The average inflation rate for the year 2022 was 15.1% in the Czech Republic, which is the second highest value since the creation of an independent state. The prospects for its reduction in 2023 are not yet very promising, both according to the same price stability supervisor CNB and according to Czech bosses.
This results from a study by PwC, according to which fifty-three percent of CEOs of Czech companies expect a double-digit average annual rate of inflation this year.
40% of them estimate that inflation will be between 11 and 15%, 11% of CEOs expect inflation of 16 to 20% and 2% estimate that inflation will even rise to 20%.
The rest of the survey respondents see this year’s inflation as somewhat lower. 45% of respondents assume inflation could vary between six and ten percent, three percent think inflation could vary between three and five percent. However, none of them yet believe in reaching CNB’s two percent goal.
“The directors are well aware of the situation in their companies, so the reality exceeds the statistics.

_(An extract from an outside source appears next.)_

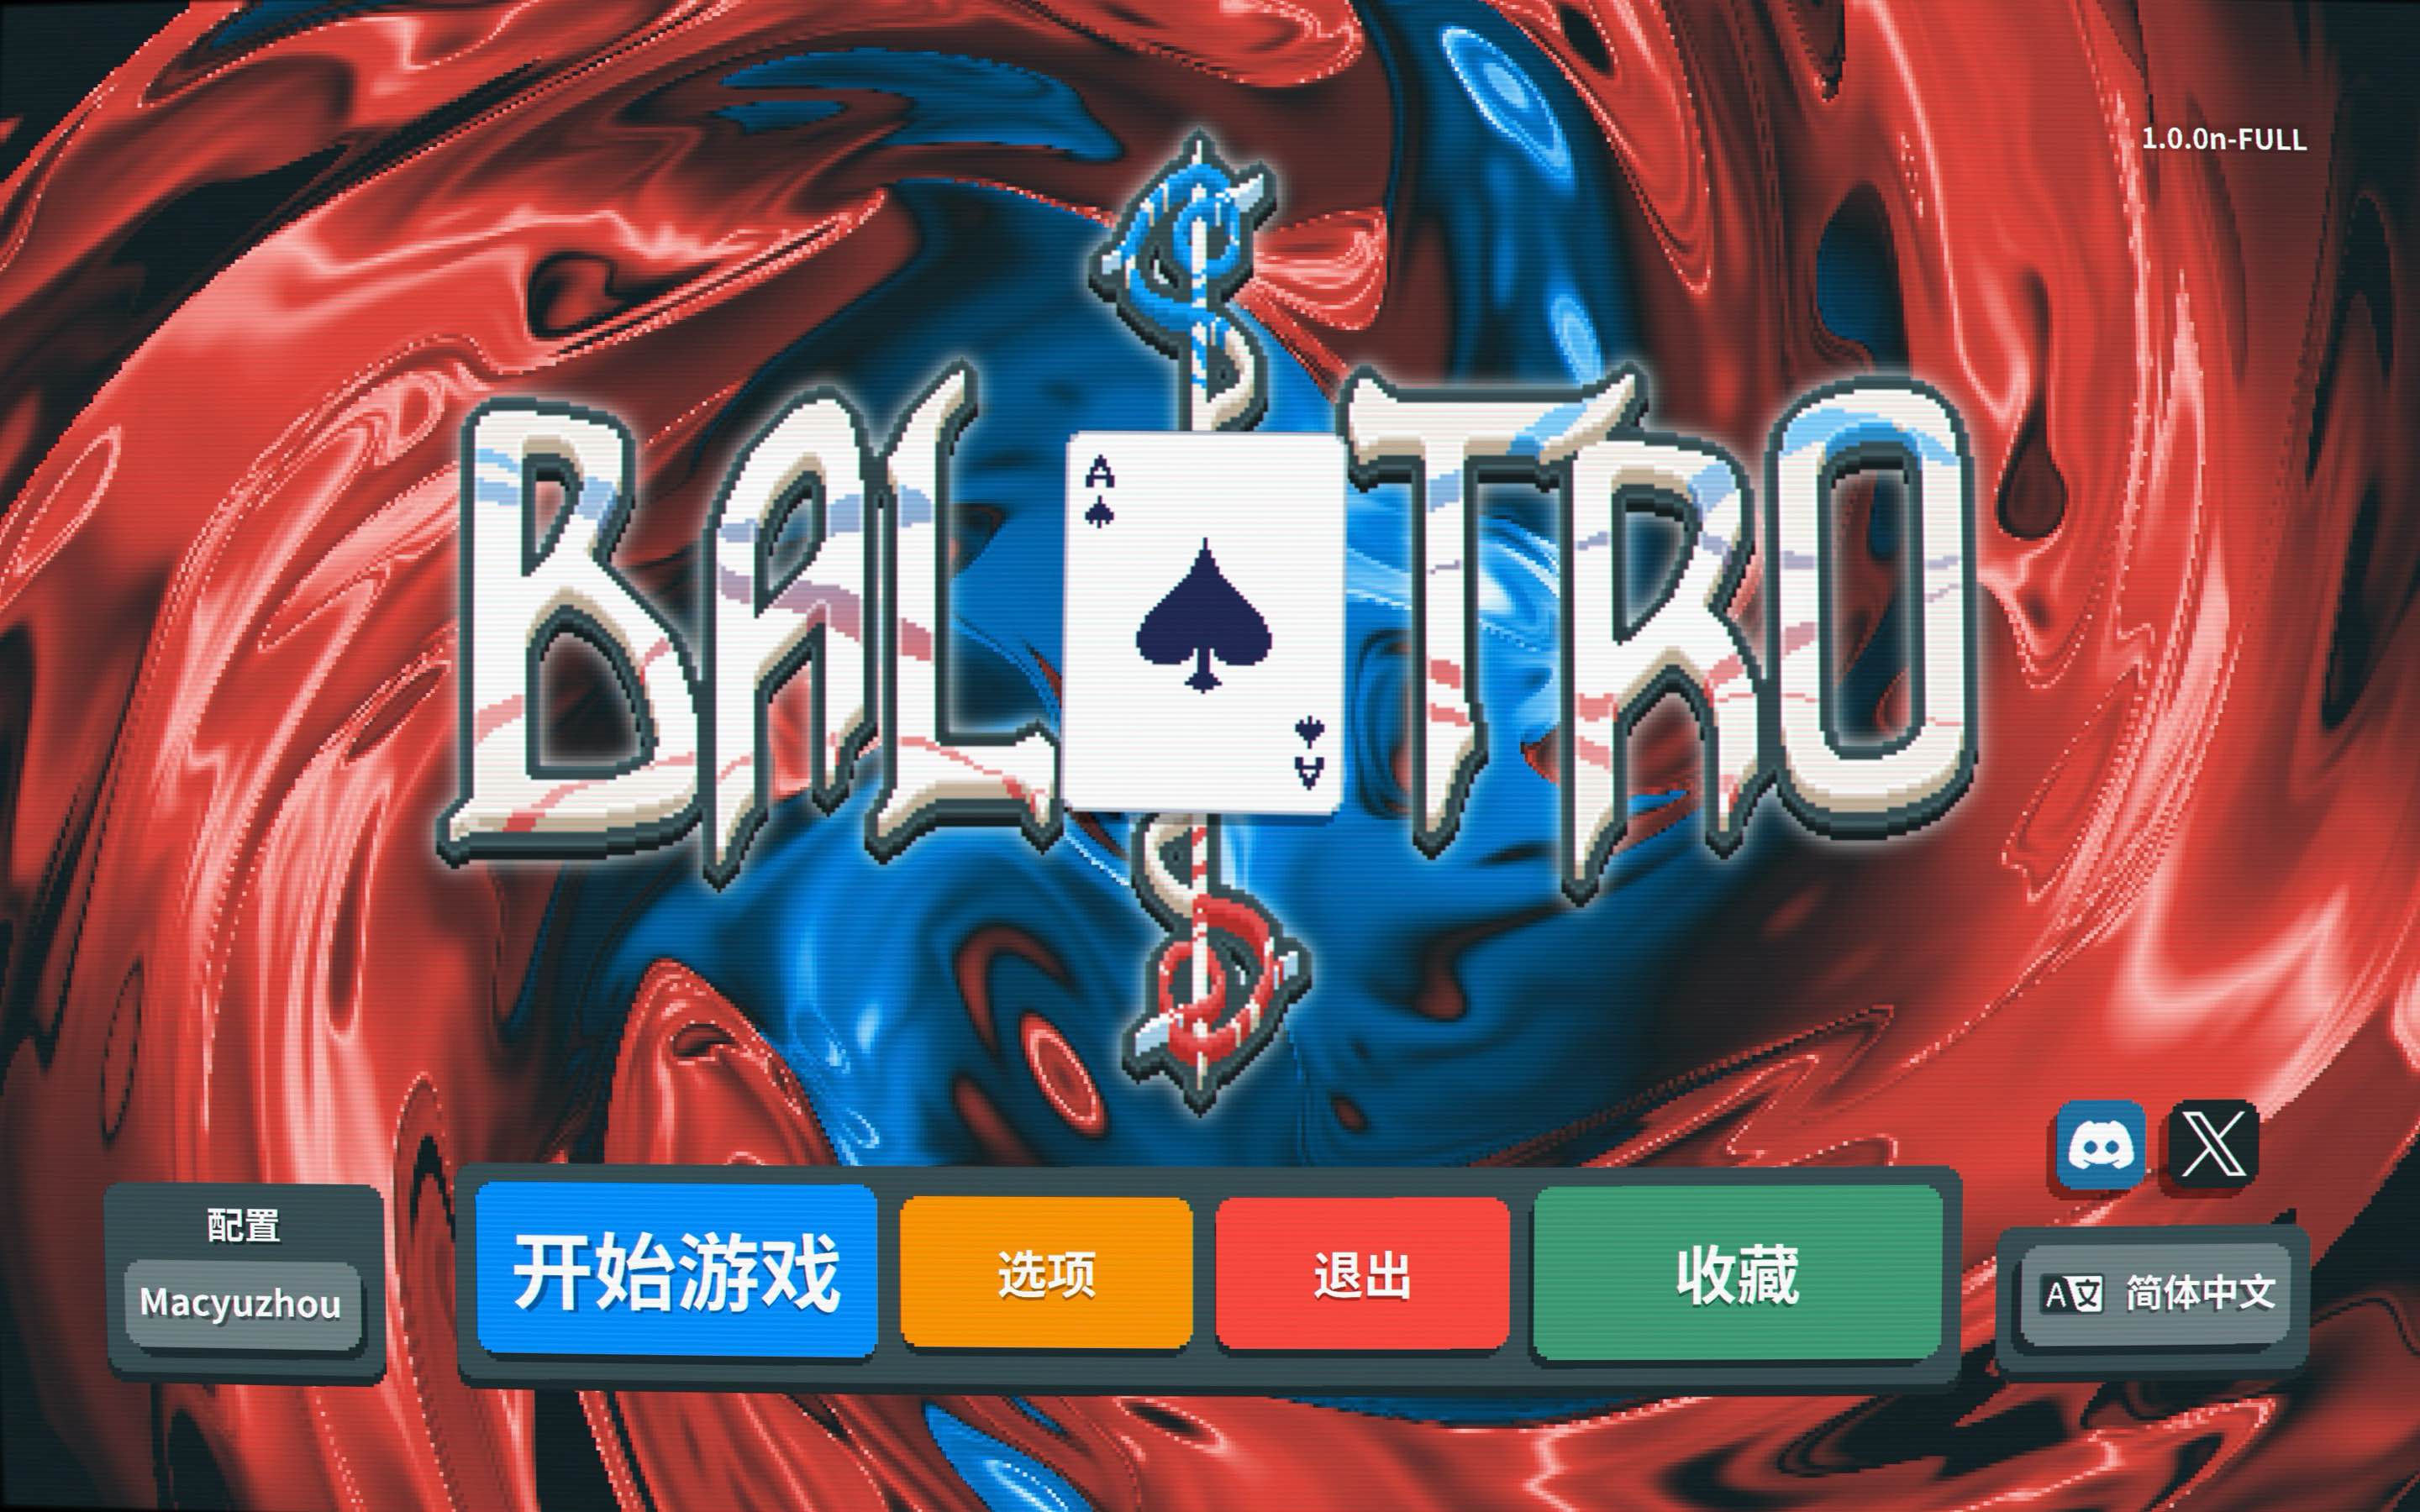 小丑牌 for Mac Balatro v1.0.1f 中文原生版 苹果电脑
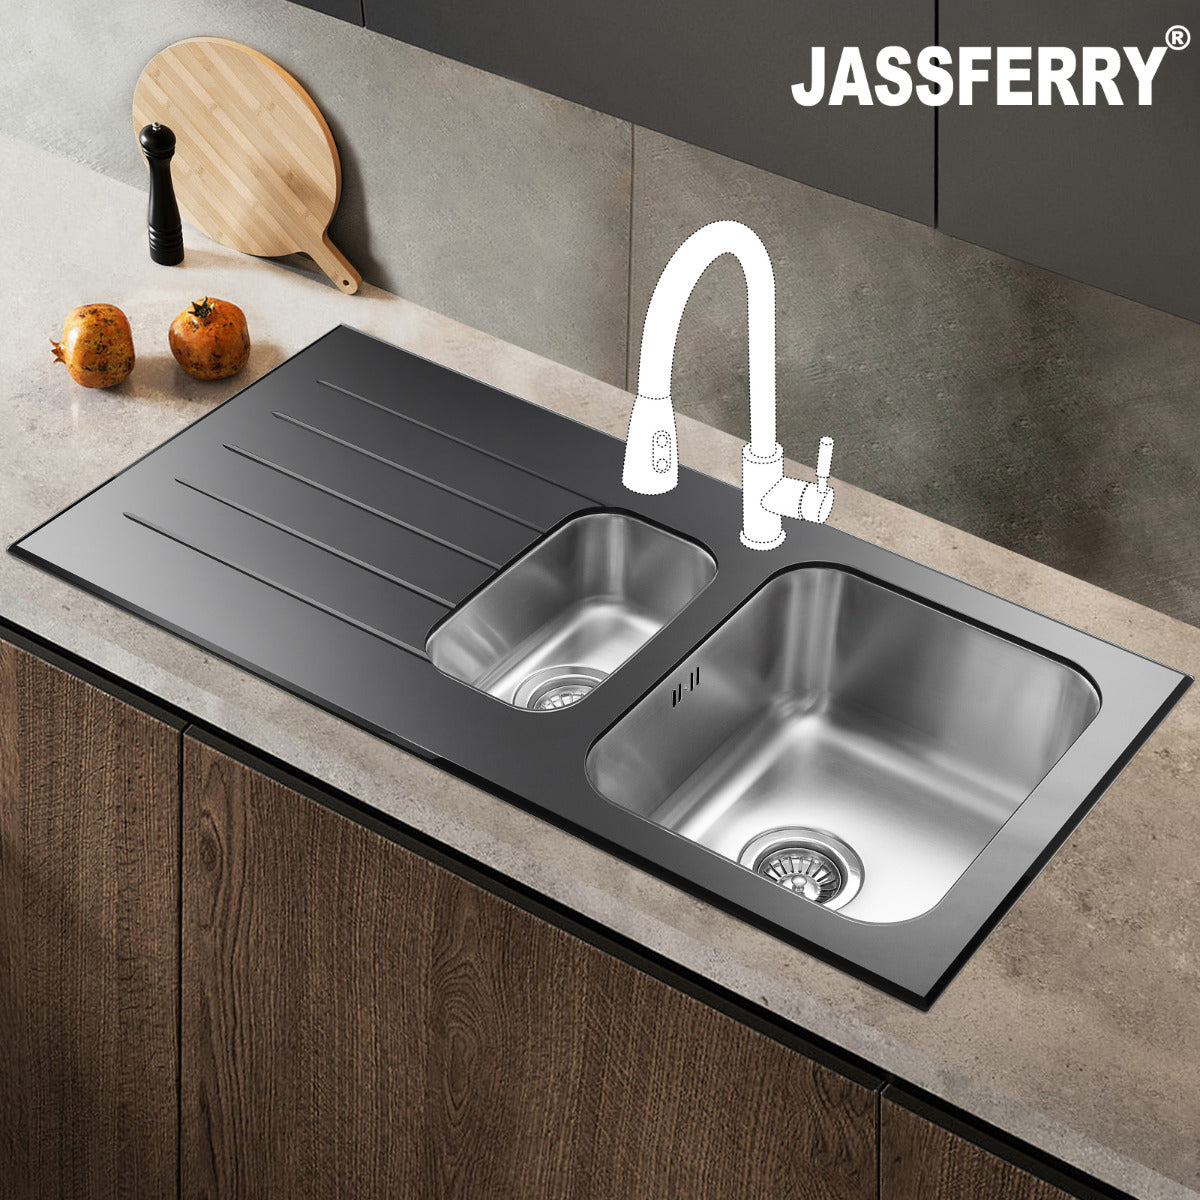 JassferryJASSFERRY Black Glass Top Kitchen Sink Stainless Steel 1.5 Bowl Lefthand DrainerKitchen Sink

This is also why it can be expected that inflation will not fall rapidly again this year. Companies will mainly have to deal with the “expensive energy, even if they will be partially relieved by the price caps. Even in 2023, however, energy will be the main driver of price growth,” said Olga Cilečková, PwC’s partner for financial risks, treasury and capital markets. capital.
Price increases will continue to be more influenced by input costs in production, with 8 out of 10 managers expecting their prices to rise further this year, despite already being significantly more expensive last year. Half of CEOs said their companies have had to raise the prices of their products by more than ten percent, and another third have even raised prices by more than fifteen percent.
Inflation expectations among Czech leaders are thus well above the two percent target the CNB wants to reduce inflation to. But even the central bank itself does not expect to be successful this year.
According to CNB forecasts, inflation will peak in January and February of this year, before slowing down and falling below 10 percent in the second half of the year. In a year’s time, in January 2024, according to CNB Deputy Governor Eva Zamrazilová, it could already “start with a three” and approach the two percent range plus or minus one percentage point.
However, bank board member Tomáš Holub is not so optimistic. “What is at stake now is whether we will land relatively smoothly without further monetary policy action on the 2% target in 2024, or whether there is a risk that inflation will stabilize at uncomfortably high single-digits.” I have some concern, I would prefer to see a slightly tighter setting of monetary policy, just to prevent that,” CT Otázky Václav Moravec said on the discussion program.
The Czech Republic is doomed to recession, warn the heads of big companies
According to a survey by PwC, most CEOs fear the Czech Republic will face a recession this year.
“Only nine percent of the top professionals think we will avoid a recession. CEOs see the problems high inflation and expensive energy prices are causing for their companies. Several companies will reduce or completely stop production in the winter months and they will try to save money. This will most likely lead to a decline in GDP,” comments Jiří Moser, managing partner of PwC Czech Republic, on the survey results.
It is therefore possible that this year will also be challenging for domestic companies, as last year, together with 2020, was already one of the most difficult periods for 40% of respondents.
In the Eurozone, opinions differ
Although the European Central Bank will not publish a report on the opinions of citizens of the Eurozone until this Thursday, it can already be said that they are more optimistic in the west and south of the Union.
In three of the four largest economies of the Eurozone (Germany, Spain and Italy), according to a report by the European Commission, fears about inflation remain average and tend to decrease, while the French are more concerned about prices than usual and the same mood prevails among Croatians, who introduced the euro in January this year and there the price jump, which was solved by the government there.
Germans remain relatively wary of inflation, which may be due to, among other things, the way inflation destroyed the German economy a hundred years ago, according to Bloomberg. On the other hand, the recent price hike here has eased considerably thanks to a government-imposed cap on gas prices and a surprisingly warm winter.
Spain is currently fighting high prices with a package of measures worth 10 billion euros. This year should push for a gradual reduction in prices. Fuel subsidies have been abolished here, but Prime Minister Pedro Sanchez has introduced tax breaks on staple food items to moderate food inflation, which hovers around 15%.
Italians are the most concerned about the impact of the ECB rate hike on economic growth and the state’s ability to finance public debt, despite their inflation being among the fastest. The government here has spent around €75 billion to protect households and businesses from the worst rise in energy prices, including tax cuts and fuel discounts at the pumps.